Kosovo lacks a functioning criminal justice system. International agencies report that ethnic Albanian judges are unwilling to prosecute cases involving Albanian attacks on non-Albanians, and the physical safety of non-Albanian judges cannot be guaranteed. Criminal suspects who have been arrested according to the Special Representative's power to order executive detentions are frequently released on the orders of local judges.
The lack of a functioning judicial system in Kosovo was apparent in a 2002 case involving several East European women forced into sexual slavery. In September, their Kosovo Albanian pimp was brought to trial, but the proceedings were neither translated into the women's native language nor did the local court provide lawyers for the women. The Albanian judge sentenced the defendant to 3 1/2 years (out of a maximum sentence for trafficking of 12 years), but the defendant was released while he appealed his sentence. International officials reported charges of bribery of the judge involved and death threats made against the witnesses to recant their testimony.

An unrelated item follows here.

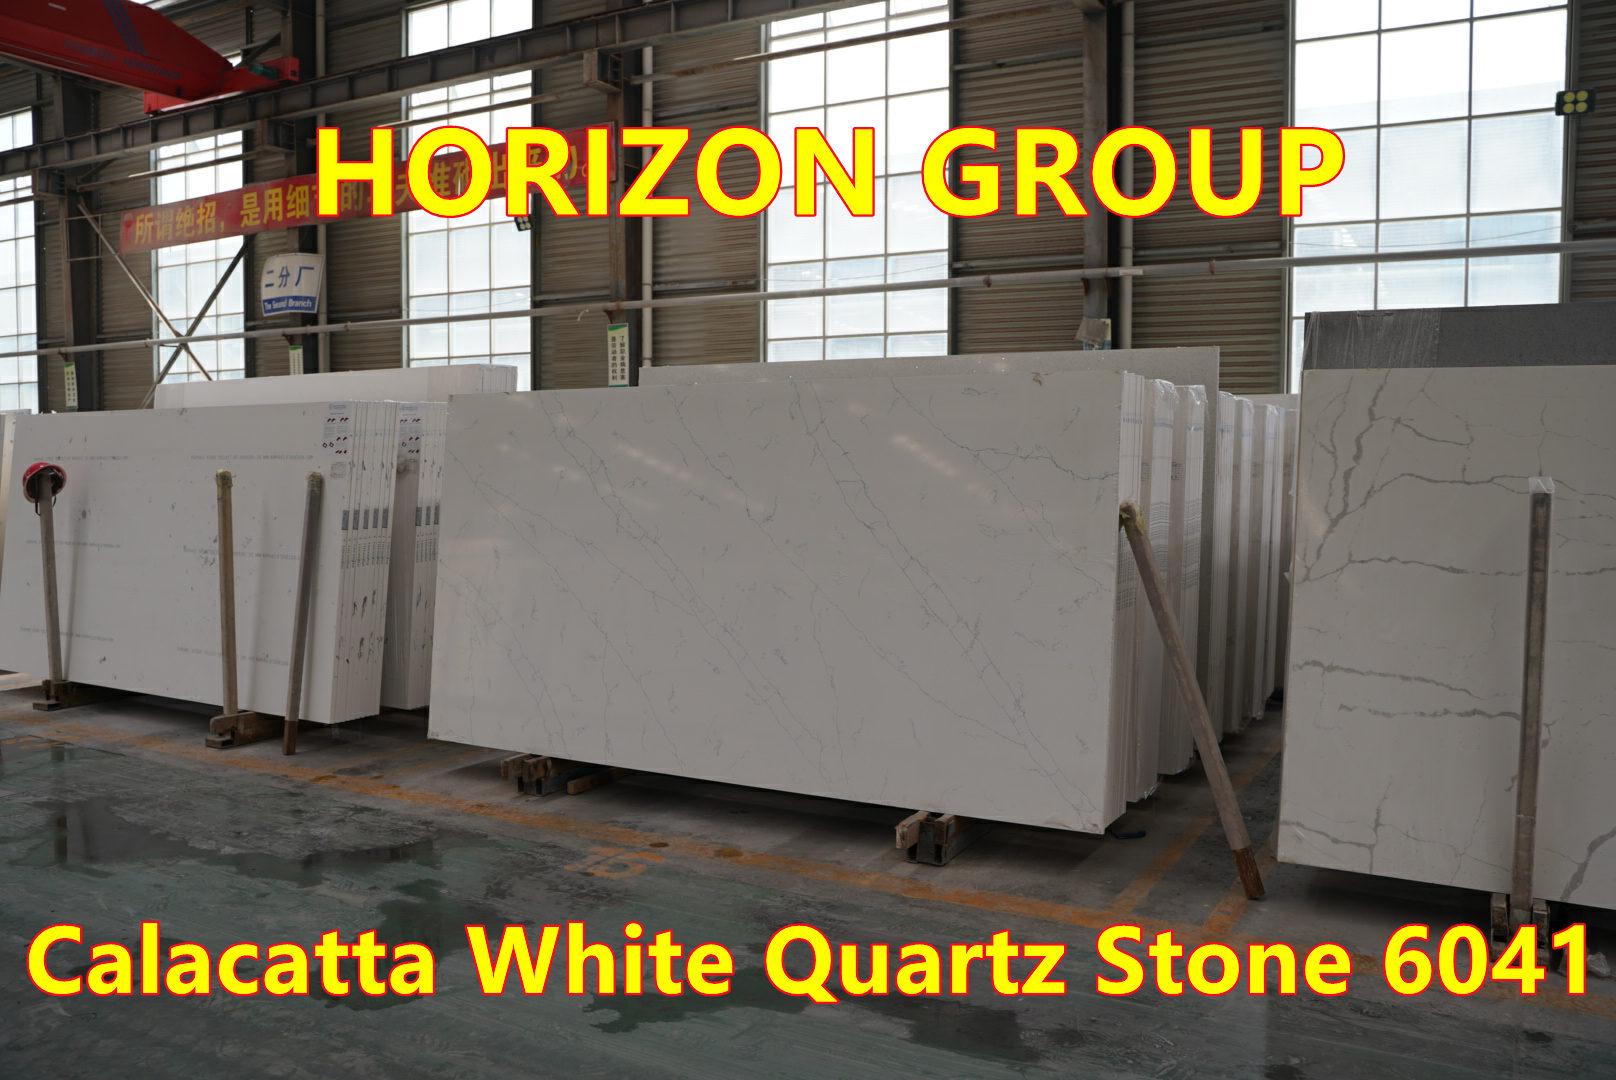 Quartz Calacatta White 6041 - Horizon Group

Several leading members of the former KLA are under investigation for war crimes by the International Criminal Tribunal for the Former Yugoslavia (ICTY) for actions committed before, during, and after the NATO intervention.
Gender inequality continues to be a serious problem in Kosovo Albanian society. Patriarchal societal attitudes often limit a woman's ability to gain an education or to choose the marriage partner of her choice.
Trafficking is a major problem in Kosovo, which serves as both a point of transit for women trafficked from Eastern to Western Europe and as a point of destination. The presence of a large international military force and of numerous civilian agencies provides a relatively affluent clientele for the white slave trade in the province.